Unless the state reverses its position, local water districts around the state would have to put up the required local funding.

 

Woolf, of the Westlands district, said the agency is willing to pay its share of any project that boosts water supplies.#

http://www.sfgate.com/cgi-bin/article.cgi?f=/c/a/2008/09/24/BABH133A0I.DTL

 

 

 

State activating drought water bank

Press-Enterprise- 9/23/08

By JANET ZIMMERMAN

Facing the third dry winter in a row, the state is activating a plan to transfer water supplies from Northern California to drought-plagued areas farther south, possibly staving off mandatory rationing, water officials said Tuesday.

 

Consumers could get hit with higher water bills as a result.

 

This would be the first use of the state's drought water bank since 1992, the end of six dry years that killed lawns and fish populations, drove down agricultural land values and forced severe rationing in some communities across the state.

 

This summer, Gov. Schwarzenegger declared a drought statewide and a drought emergency in the Central Valley, where farmers have been devastated by the water shortage.

 

Under the banking plan proposed by the Department of Water Resources, willing sellers in Northern California would agree to curtail their use of water so it can be shipped south via canals operated by the State Water Project or federal Central Valley Project.

 

Most of the sellers are farmers north of the Sacramento-San Joaquin River Delta who would be paid to idle crops or pump groundwater instead of using surface water, said Teresa Geimer, water bank coordinator.

 

The action is a way to deal with court-ordered sanctions on the amount of water taken from the Delta, where fish populations are threatened by massive pumps that alter the water flow.
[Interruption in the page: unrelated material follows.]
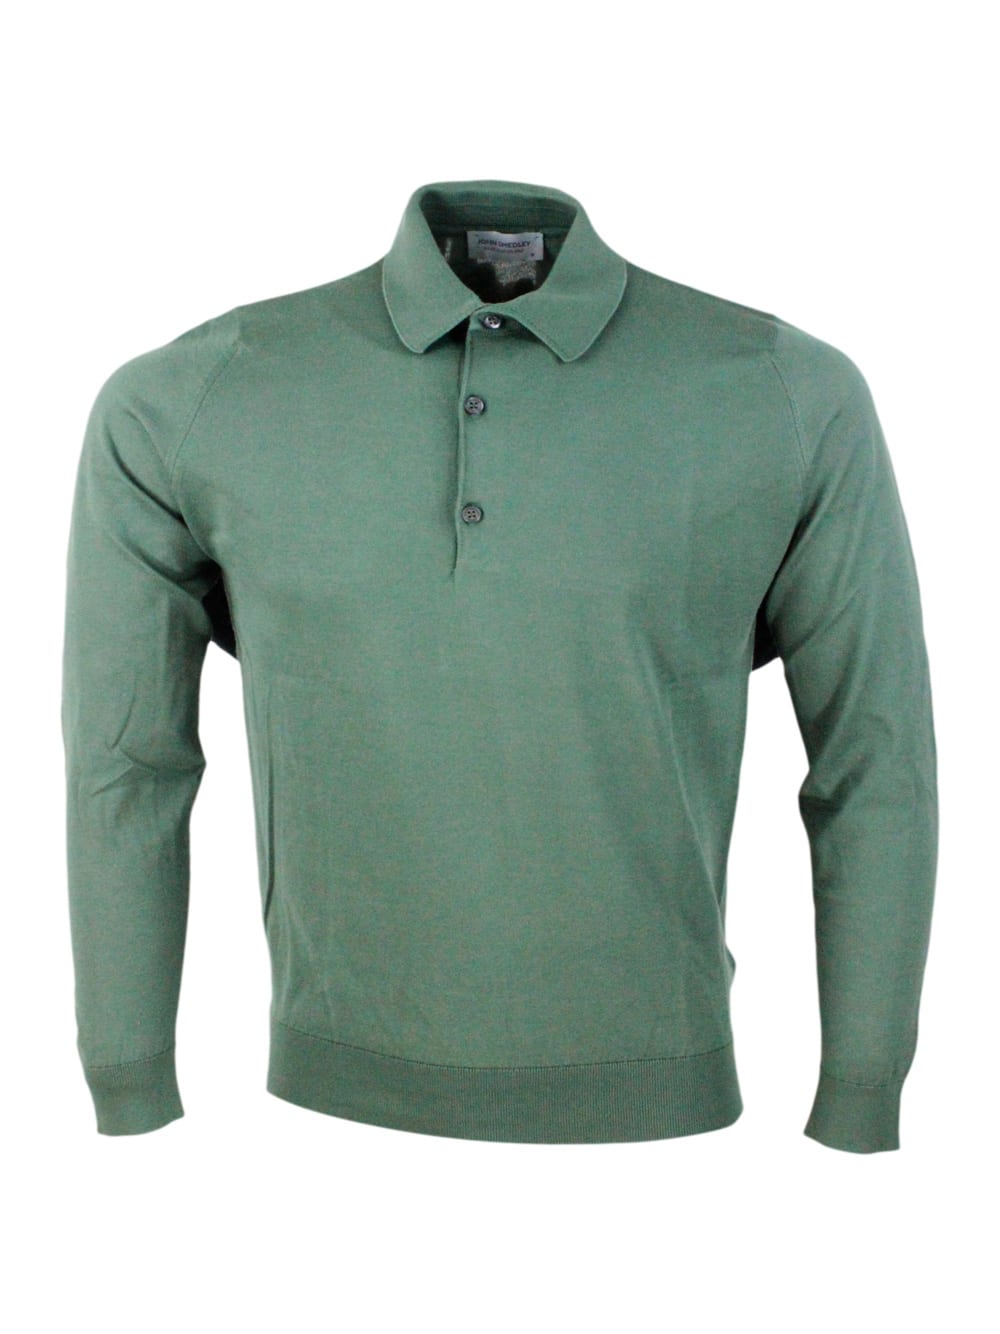 john smedley long-sleeved polo shirt in extrafine cotton thread with three buttons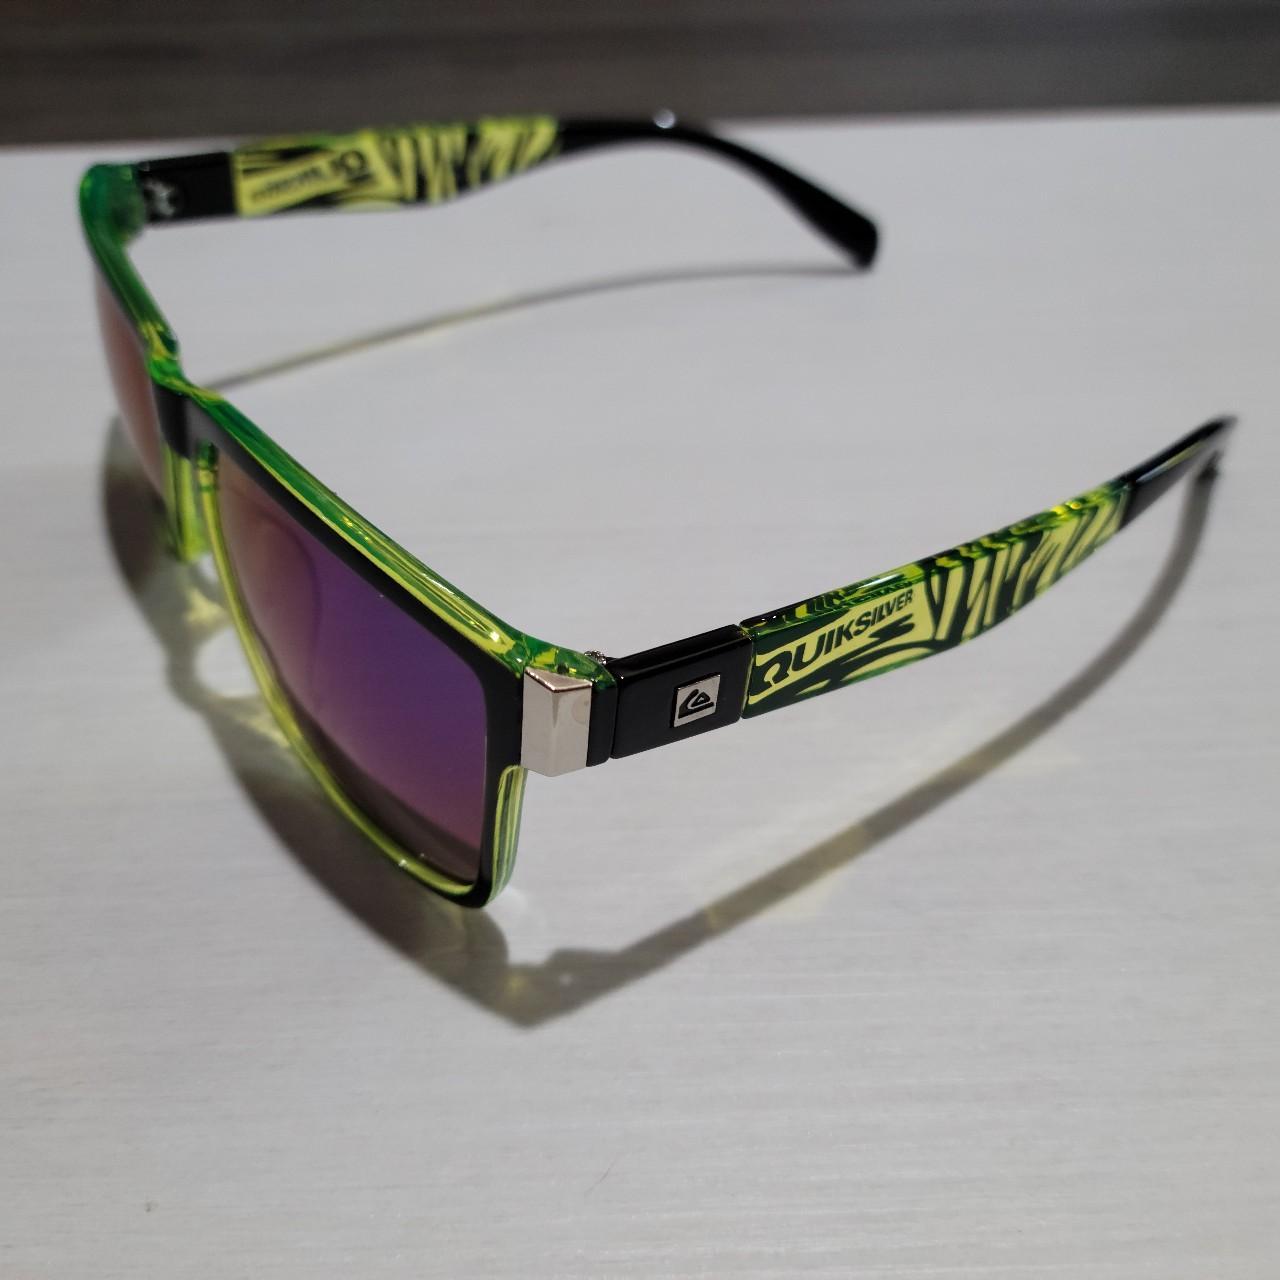 Depop - New and black... sunglasses, quiksilver polarized green

The Delta supplies water for two-thirds of California's residents.

 

The state has asked that water providers in dry regions express interest in using the bank by Oct. 15, Geimer said. The allotment could be enough to serve 1.2 million homes, although the supply is not guaranteed.

 

Sellers have yet to set their prices, Geimer said.

 

"Once we know who wants to participate and how much water they want, we'll do our best to meet those needs," she said.

 

Metropolitan Water District of Southern California, which supplies 26 member agencies serving about 18 million people, probably will participate but hasn't decided how much water to ask for, spokesman Bob Muir said.

 

"It would help shore up our supplies as we head toward 2009," he said.

 

The additional costs were figured into an overall 14.2 percent rate increase for MWD customers beginning in January. It's still unclear how the rate increase will affect household consumers. MWD already has imposed a mandatory 30 percent cut in supplies for agricultural users.

 

Water officials have declared a water crisis and are urging extraordinary conservation and development of ways to recharge local groundwater supplies.

 

The Delta isn't the only problem. Global warming has decreased the snowpack that feeds rivers, and imported water from the Colorado River has been severely curtailed because of an eight-year drought and increased demand.

 

So far, local water districts have not imposed rationing for residential customers. They have managed without cutbacks by using reserves, such as Metropolitan's Diamond Valley Lake in Hemet, a six-month emergency supply now drawn down by about one-third, said Peter Odencrans, spokesman for Eastern Municipal Water District in Perris.

 

John Rossi, general manager of Western Municipal Water District in Riverside, praised the water bank idea and said the water will ultimately be less expensive than Metropolitan's penalty rates that will be imposed on districts exceeding their allotments.